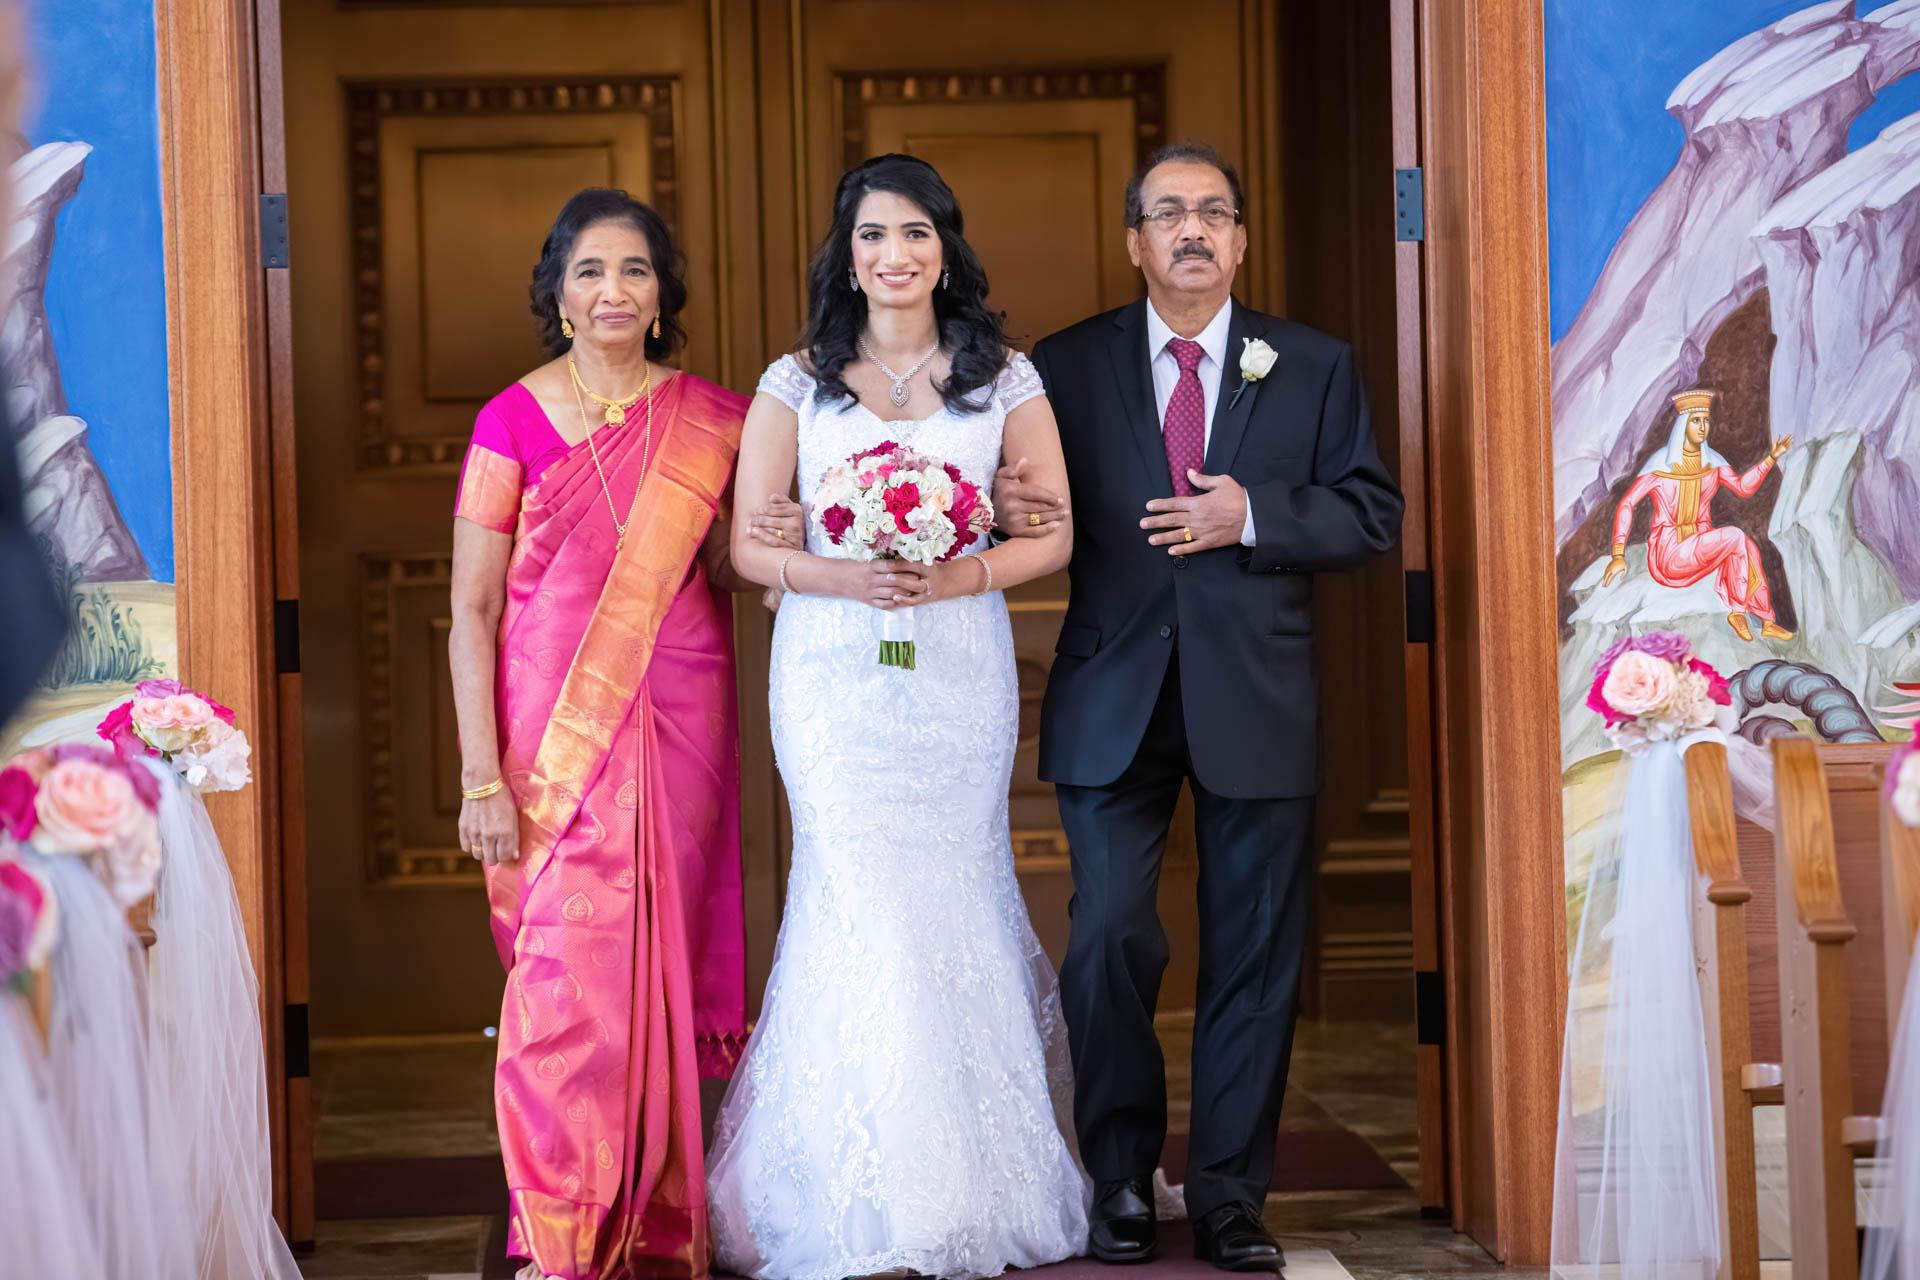 WESTMOUNT COUNTRY CLUB INDIAN WEDDING 8
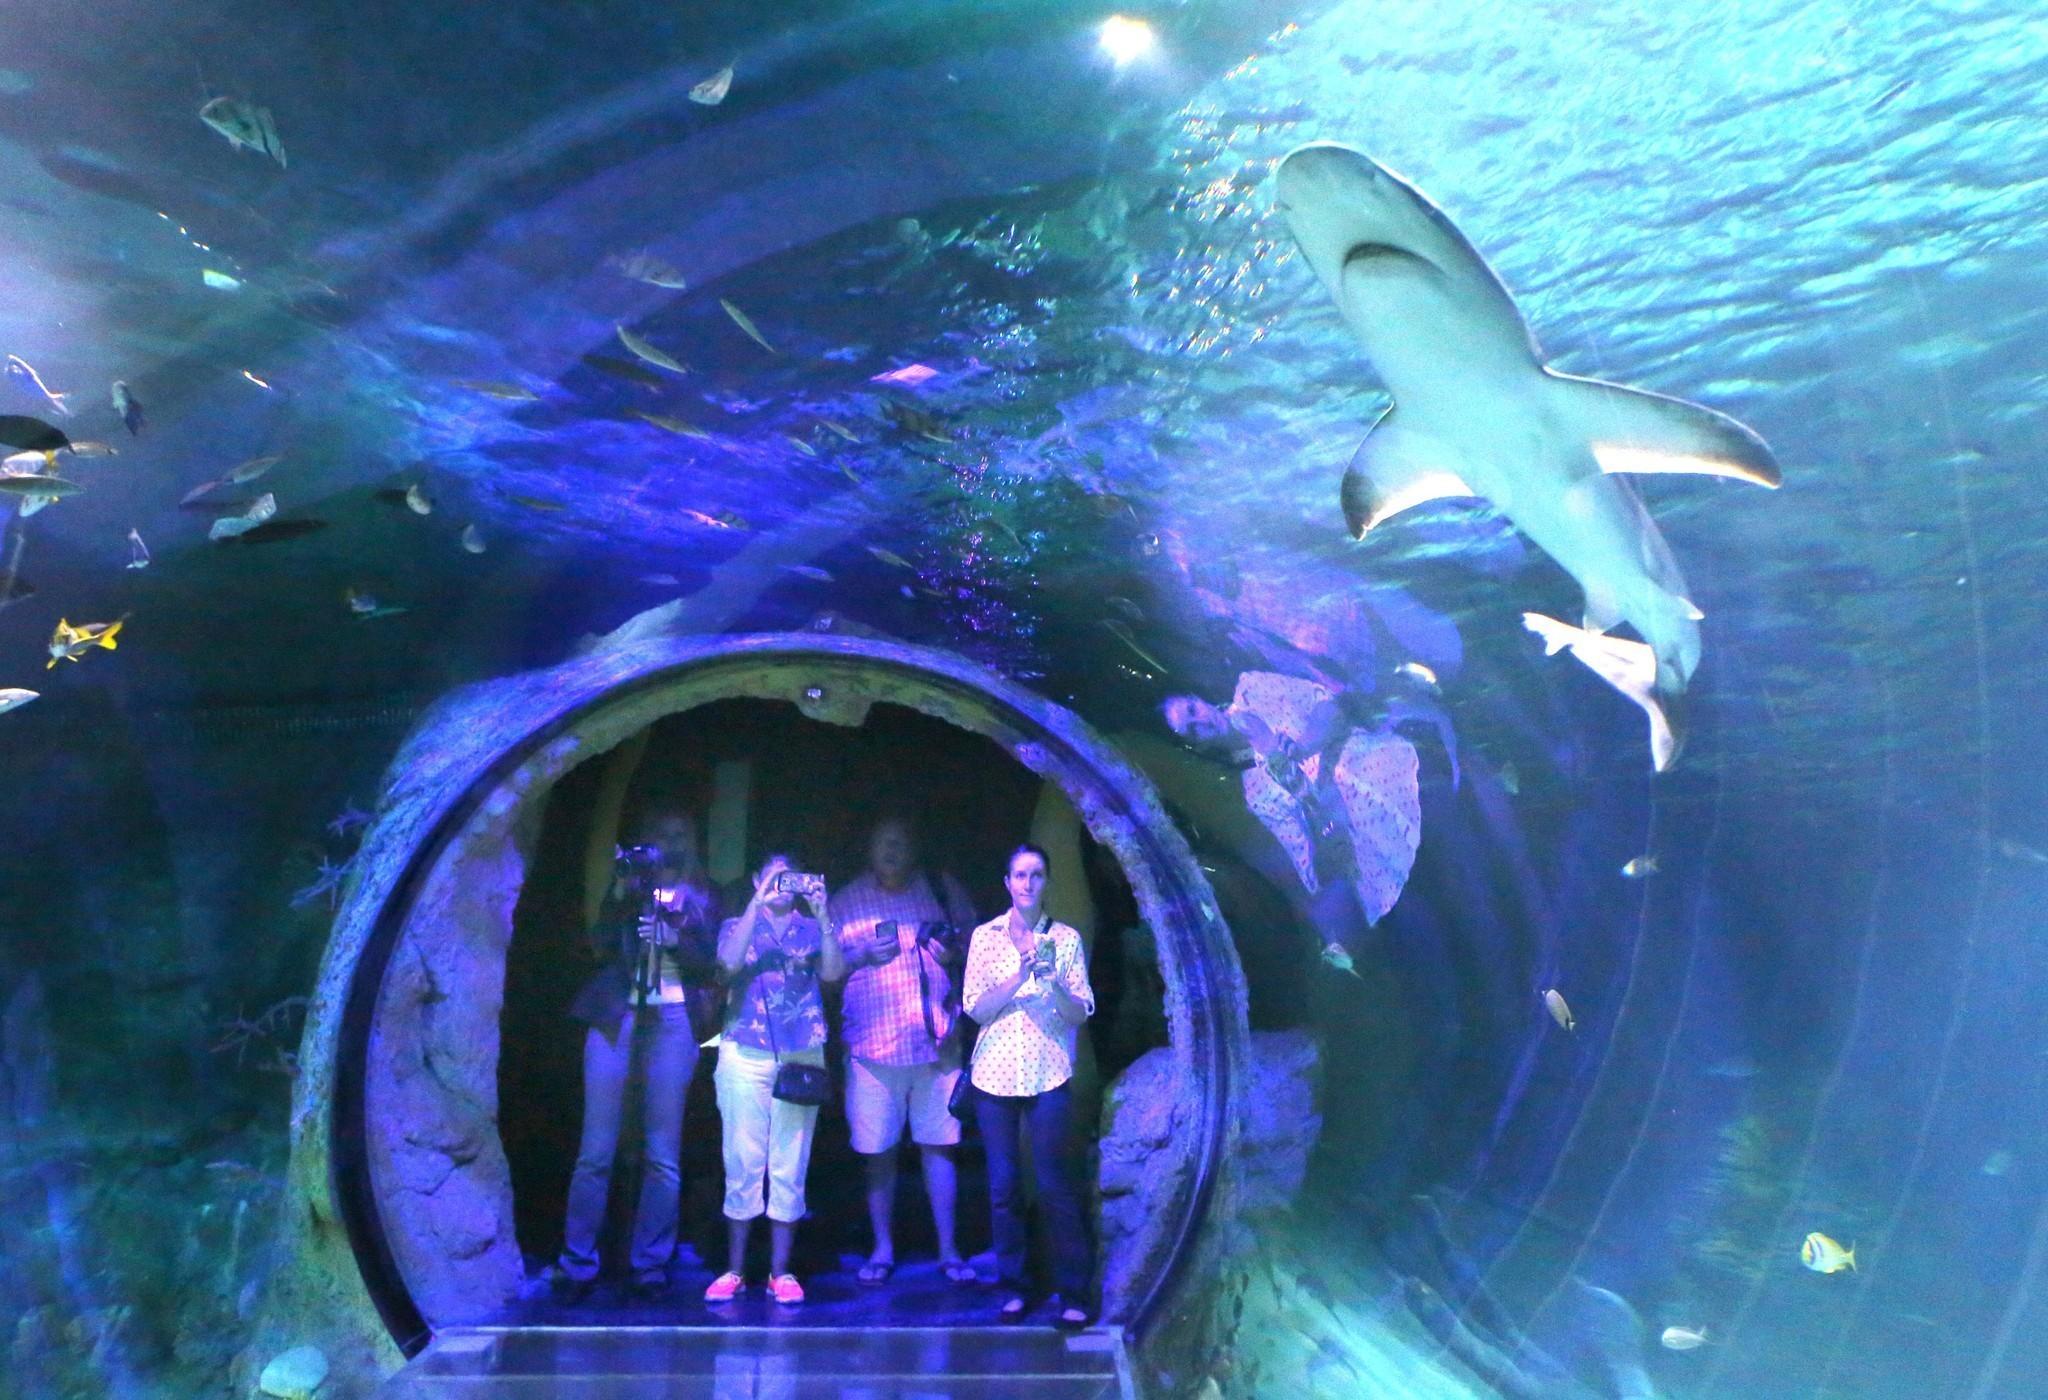 Reviews >> Pictures: Sea Life aquarium at I-Drive 360 - Orlando Sentinel
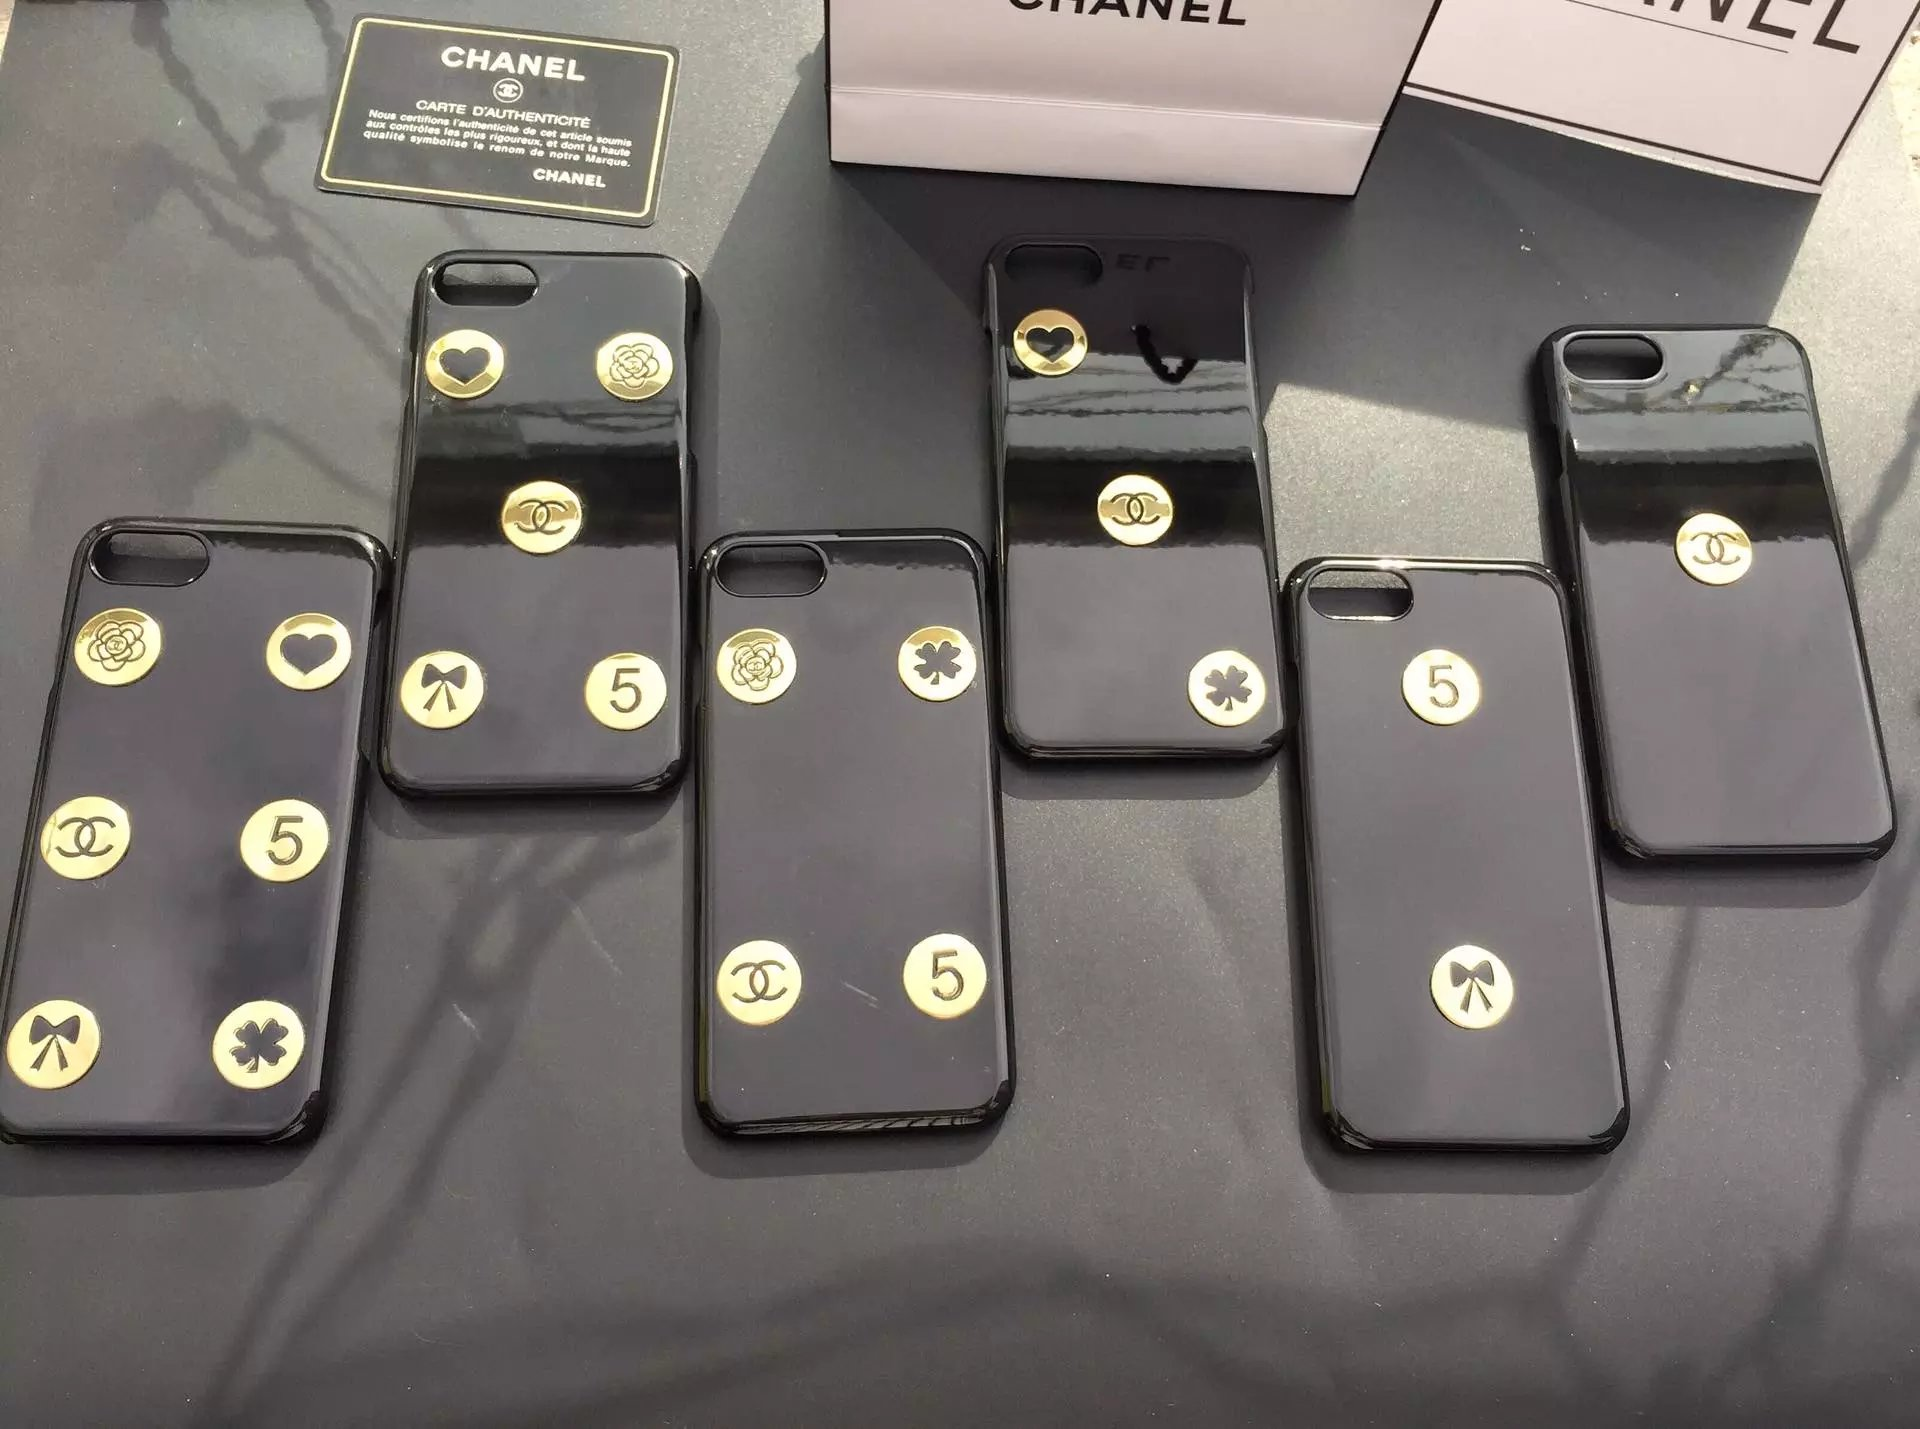 iphone 6s cases best iphone 6s cases designer fashion iphone6s case apple 6s cases phone covers for iphone iphone 6s custom cover cute iphone cases launch of new iphone iphone cases online
···
Your reply should contain only an exact copy of the lines from the beginning of the material through the line with "Reviews >> Pictures: Sea", both ends included, with the pictures removed.

Solution to this task
 WESTMOUNT COUNTRY CLUB INDIAN WEDDING 8
 Reviews >> Pictures: Sea Life aquarium at I-Drive 360 - Orlando Sentinel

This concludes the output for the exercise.